Programs like the career communities are being implemented in institutions across the country, however, Drew is one of three institutions that are focusing attention on the identity/affinity communities, explained Dr. Sari Pascoe, Director of Diversity, Equity and Inclusion. 

There are eight Identity/Affinity Communities based on culture and identity development: Commuter/Transfer/Nontraditional; Faith, Religion and Spirituality; First Generation; Gender and Sexuality; Limited Resources; Ethnic/Racial Heritage; Visible/Invisible Disabilities; and International Student. These eight communities were chosen based on student input.

 

The Identity/Affinity Communities are comprised of two advisory groups: one group comprised of students and one group comprised of staff, faculty, alumni, employers and community members. This was structured as such to put the focus on students’ voices and providing them a place to build confidence in their own environment.
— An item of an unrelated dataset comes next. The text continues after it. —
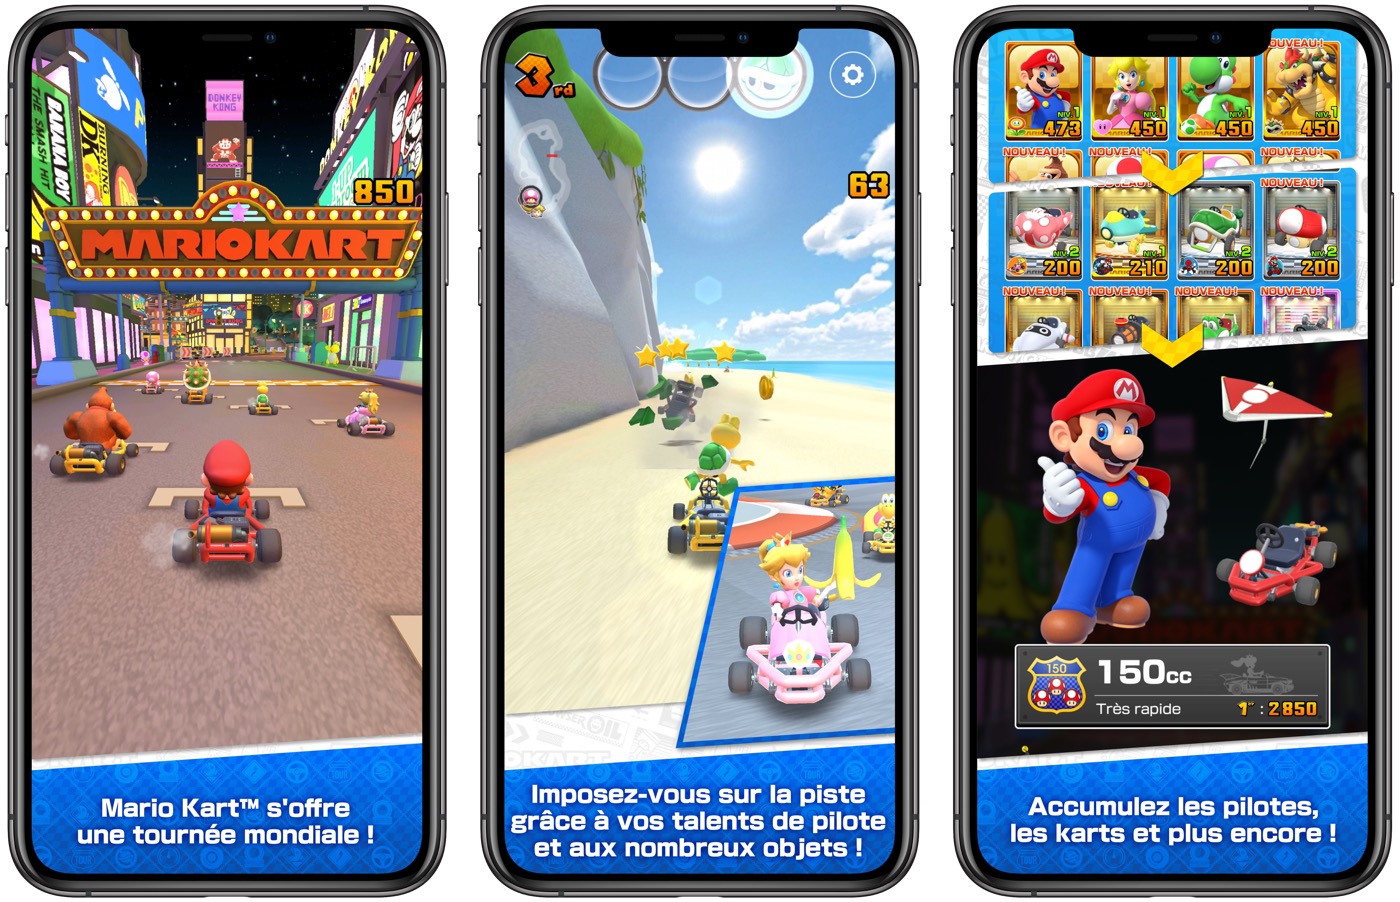 Mario Kart Tour disponible sur iOS et Android le 25 septembre
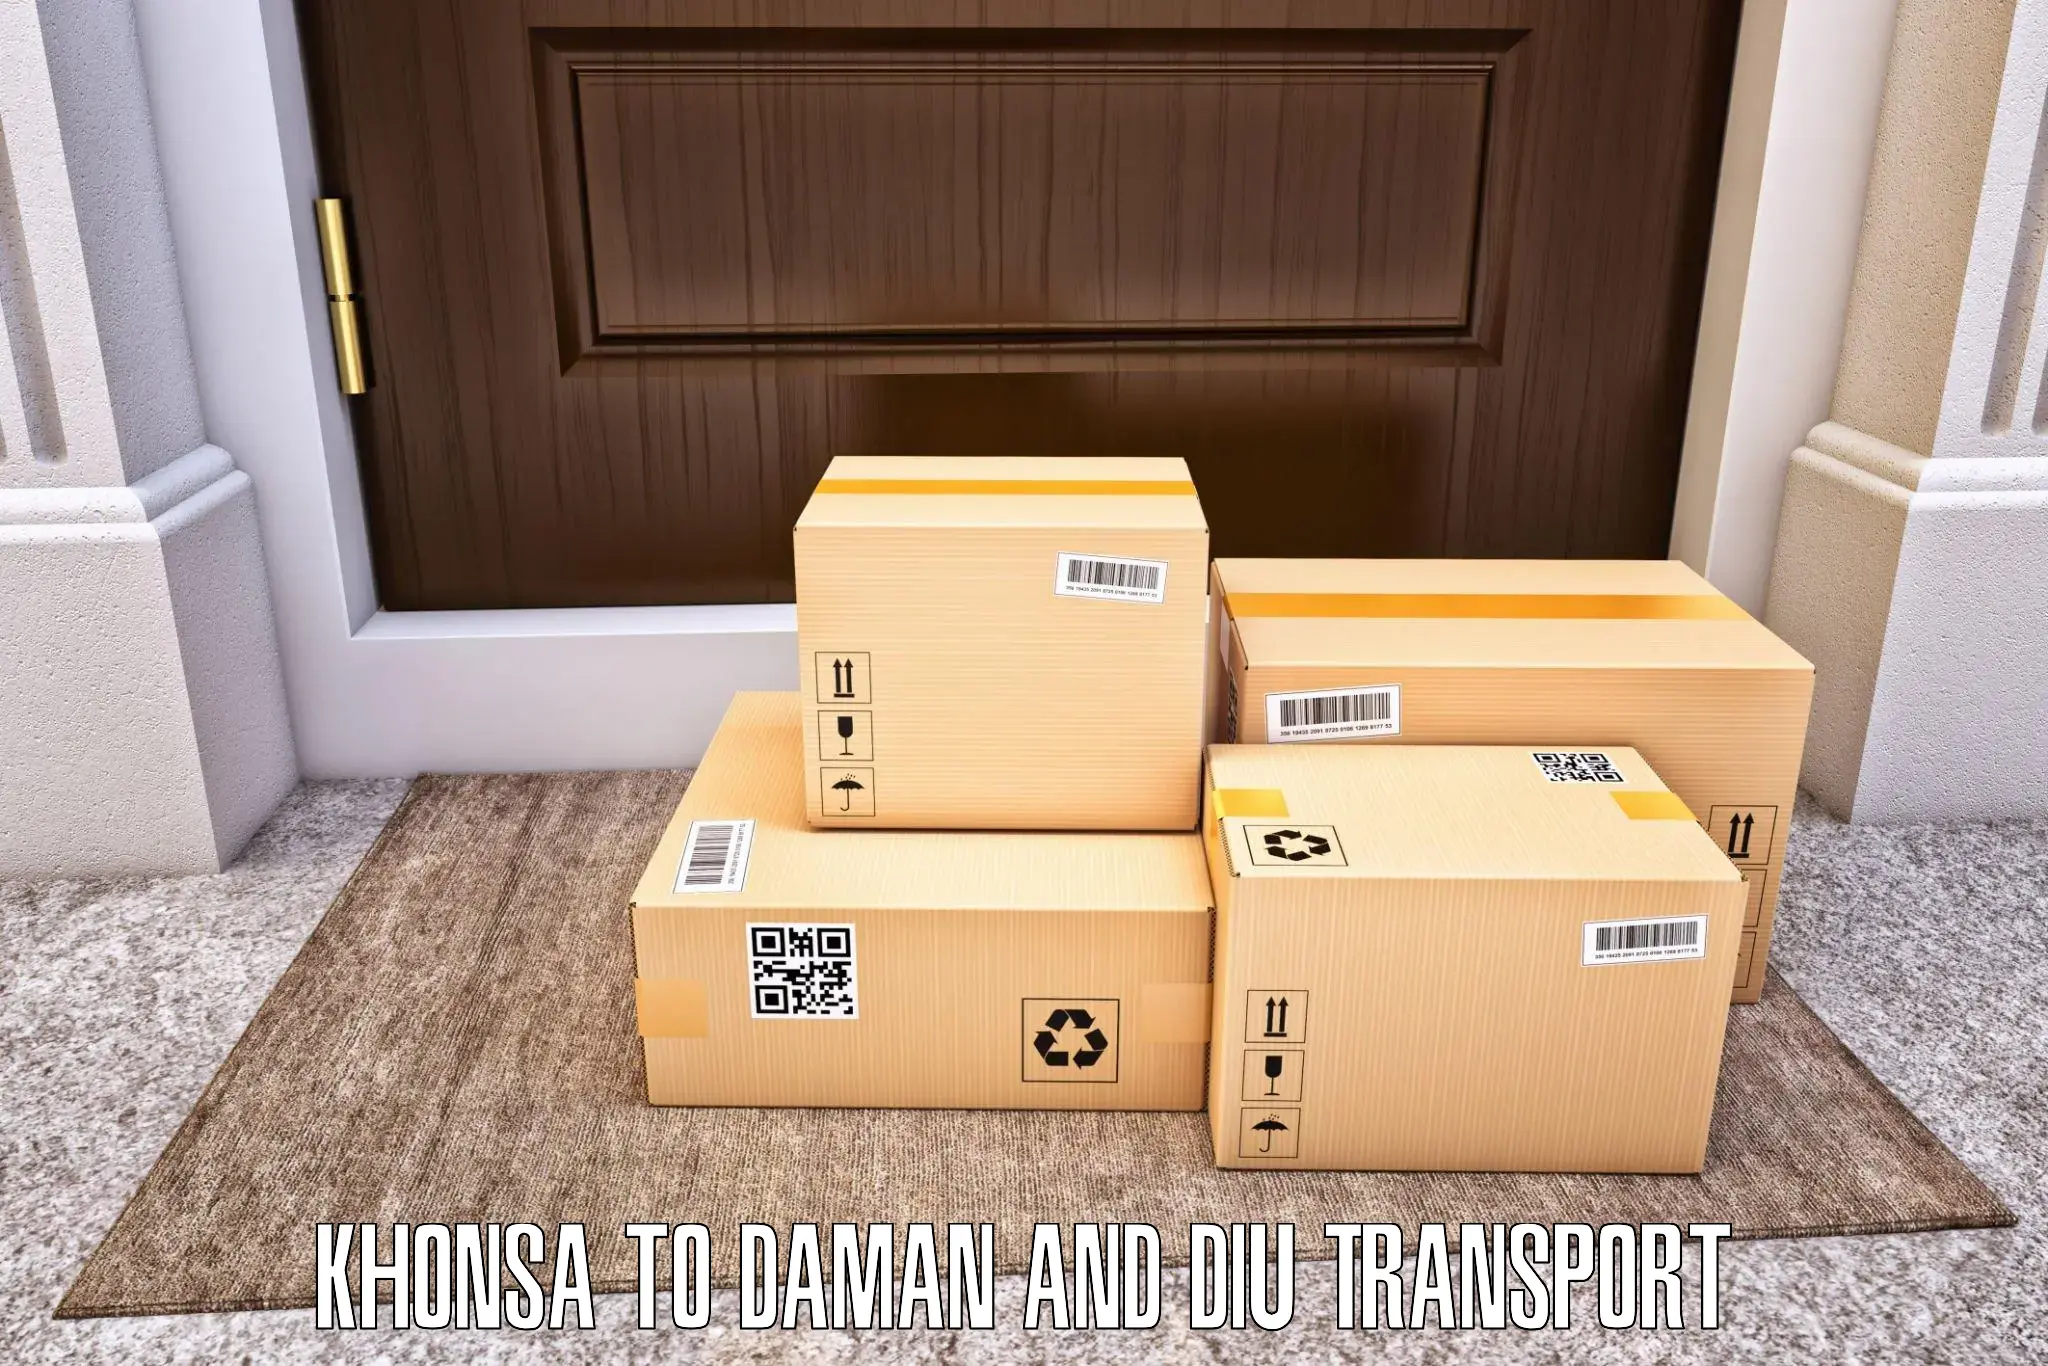 Two wheeler parcel service Khonsa to Daman

The student group has a co-chair position, and one of the co-chairs attends the meeting with the other advisory board.

 

Pascoe said, “Instead of imposing more work or different ways of doing the work, we’re actually highlighting the good work that is happening.” In this vein, in the upcoming year, an expectation of funding for student clubs and organizations will be affiliation with the Launch Communities, as student organizations are at the forefront of student programming. “We want to hear their voices incorporated early on in creating cultures through the communities,” said Pascoe.

 

There will also be an expo on Oct. 11 to showcase the Launch Communities, which are open for all students to join, not just first-years. “Come and try it,” Pascoe urged. “Come and give us your best ideas and innovation and lend your voice to make sure that at Drew University, we can become respectful of everyone based on their identity, based on their values, and based on who they are.”